Russia
keeps foreign majors guessing on Shtokman gas project
By
Dario Thuburn
AFP
MOSCOW
Petroleumworld.com
12 09 06
Foreign firms can still help develop Russia's giant Shtokman gas field
under new conditions, Russian Energy Minister Viktor Khristenko said
on Friday, weeks after Gazprom dashed the hopes of five energy majors.
"It is a possibility that partners will be engaged in developing
the project in many different ways -- as executors of important parts
of the project and also as possible participants in the project,"
Khristenko said.
"But now it's going to be under a different framework and different
conditions," he added, without specifying whether foreign companies
could be contractors or partners in the project with state-controlled
Gazprom.
The 3.7 trillion cubic metre gas field in the Russian section of the
Barents Sea is one of the the world's few known giant gas reserves that
is yet to be tapped, and is a major potential energy source for Europe
and the United States.
"For the EU (European Union), this gas field is extremely important,"
said Andris Piebalgs, the EU's Energy Commissioner, who spoke alongside
Khristenko after Europe-Russia energy talks in Moscow.
But the project's future has been cloudy since Gazprom rejected its
entire short-list of potential foreign partners in the Shtokman project
-- US Chevron and ConocoPhillips, France's Total and Norway's Hydro
and Statoil -- in a surprise announcement in October.
"I was very glad that the minister mentioned there could be some
partners attached to this project," Piebalgs said on Friday.
"Some European companies that had been shortlisted have very good
experience working in extreme conditions... I wish that they will be
successful in cooperating with Gazprom in producing gas from this field."
Analysts said Russia's position on foreign involvement in Shtokman was
unclear, even after President Vladimir Putin said in an interview published
Thursday that Russia continued to welcome "interesting proposals"
on Shtokman.
"The current roadmap is suspect... We don't have a decision, we
don't have any certainty," said Adam Landes, chief oil and gas
analyst at the Moscow-based Renaissance Capital investment house.

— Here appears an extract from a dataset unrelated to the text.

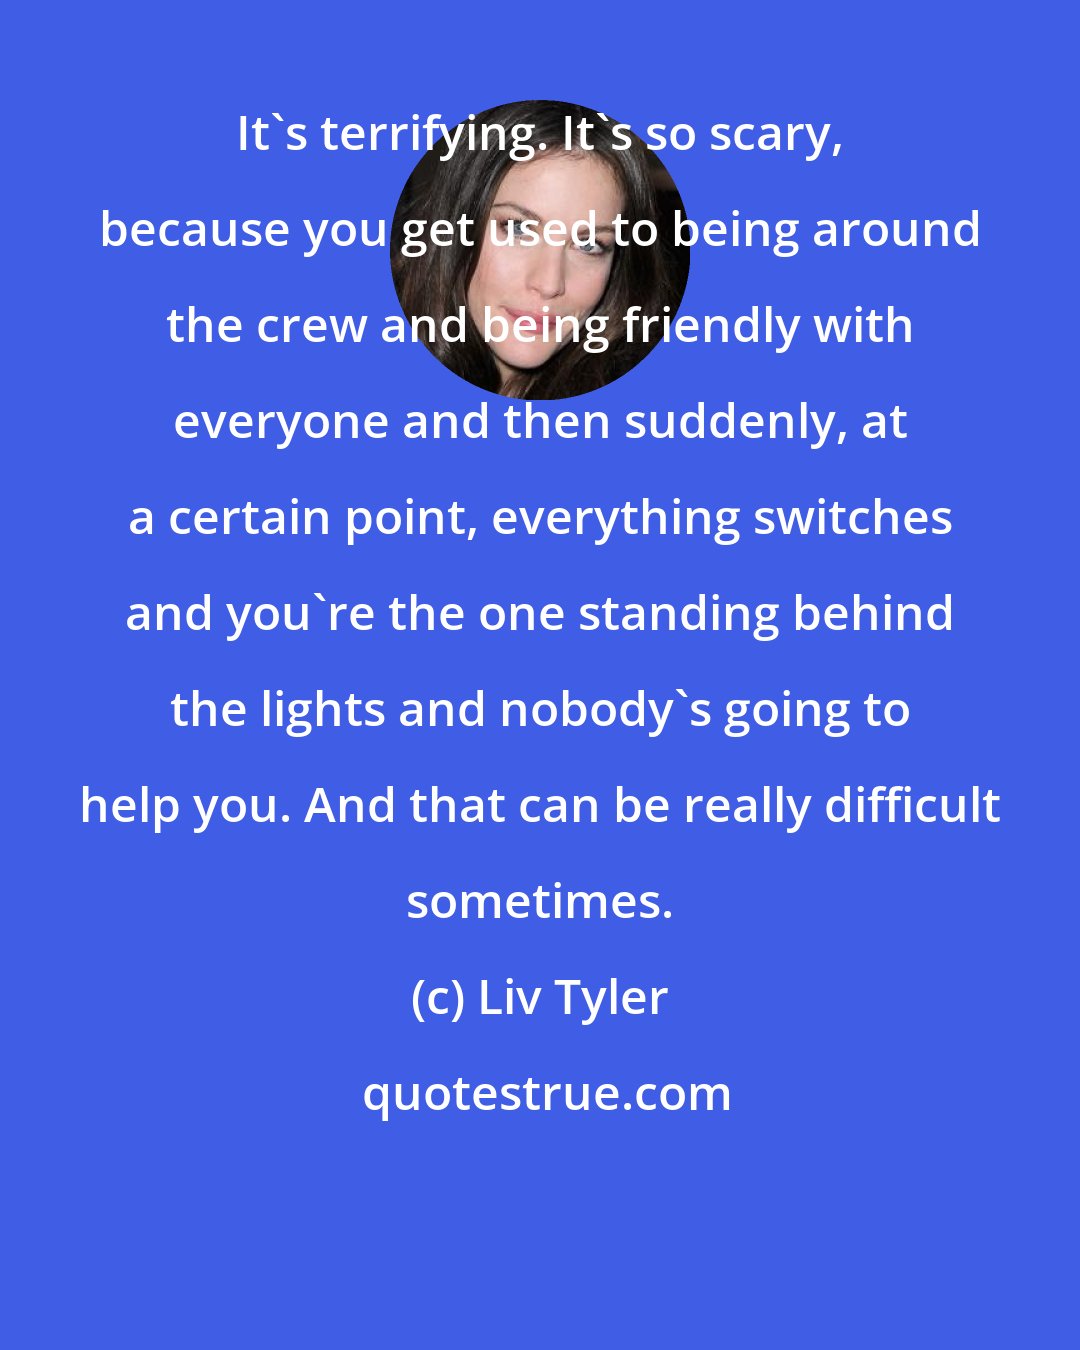 Liv Tyler: It's terrifying. It's so scary, because you get used to being around the crew and being friendly with everyone and then suddenly, at a certain point, everything switches and you're the one standing behind the lights and nobody's going to help you. And that can be really difficult sometimes.

"The whole issue as to what comes first, who comes first, who invests,
where the gas goes, is deeply intertwined with politics... Politics
are clearly involved," Landes said.
The key problem with the Shtokman deal, Landes said, is that Russia
has a higher estimation of the value of the project than the one calculated
by foreign energy majors.
"Gazprom has a view of its worth that does not correspond with
that of would-be investors," Landes said. He added, however, that
the field "remains one of the few gigantic assets that may or may
not be available."
Valery Nesterov, energy analyst at the Troika Dialog investment bank
in Moscow, agreed that the Russian position was unclear.
"It's difficult to predict what this could mean," he said.